After extended discussion the committee considered a motion from Councilor Klingen to recommend not approving all three items. On roll call the committee voted to recommend not approving the requested midyear funding for the utility billing manager, the service operations manager and the billing analyst reclassification. The clerk recorded affirmative votes to recommend not approving from all councilors present.
What committee asked for next
- Staff were directed to return with the three position requests as part of the FY26 budget, accompanied by an organizational chart, current vacancy and overtime data, and an explanation of short‑term alternatives (contractors or temporary staffing) if the committee decides not to fund new permanent FTEs midyear.
- The committee also asked for clearer documentation of who would report to the utility billing manager and for more detail on the billing backlog and cross‑training plan.
Quotes
Kelly Hebert, director for finance and administration for the Water & Sewer Department, said, “This department basically produces or generates at least 51,000 billable invoices every year.”

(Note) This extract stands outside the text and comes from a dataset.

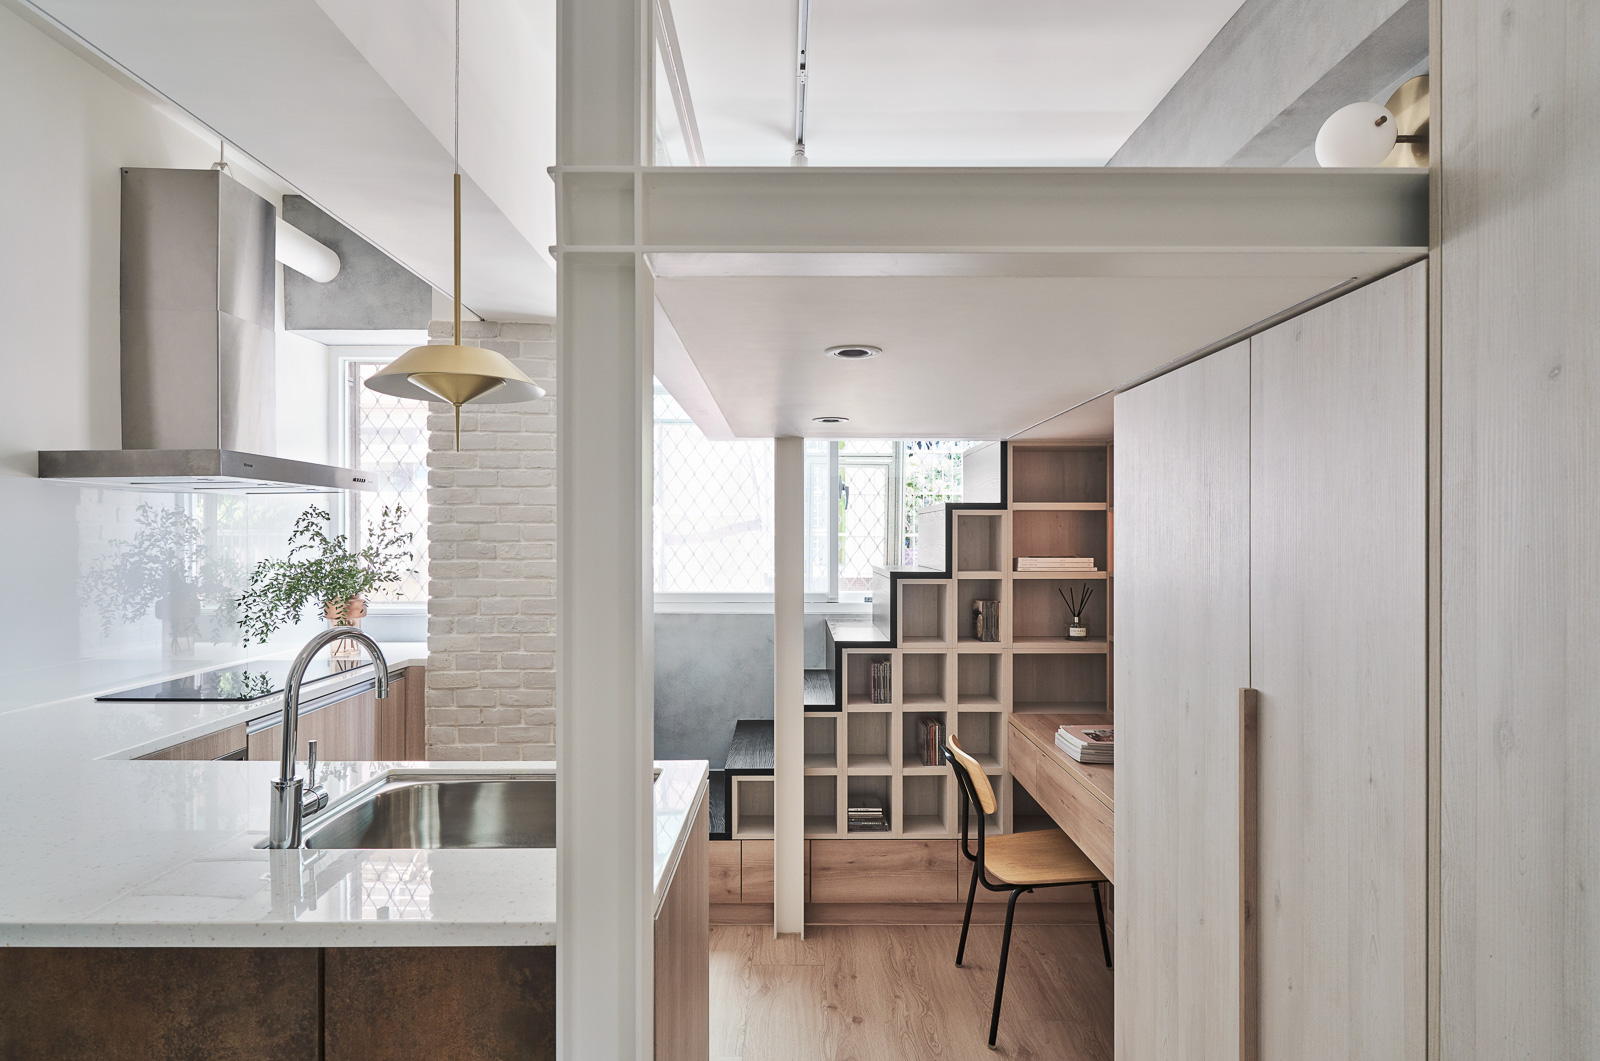 NestSpace_SmallHouse_S-184

Councilor John Klingen said the committee should defer creation of new permanent positions until a director is in place to set the department’s strategic structure.
Why it matters
The committee’s recommendation against midyear additions means the department must either hold these positions for FY26 or propose alternative short‑term staffing in the remainder of FY25. The committee’s action reflects an ongoing tension between department leaders who cite operational need and councilors who prefer permanent staffing decisions to be taken in the annual budget process with full organizational context.
Provenance: initial presentation and request; final motion and roll call were recorded in the March 11 transcript.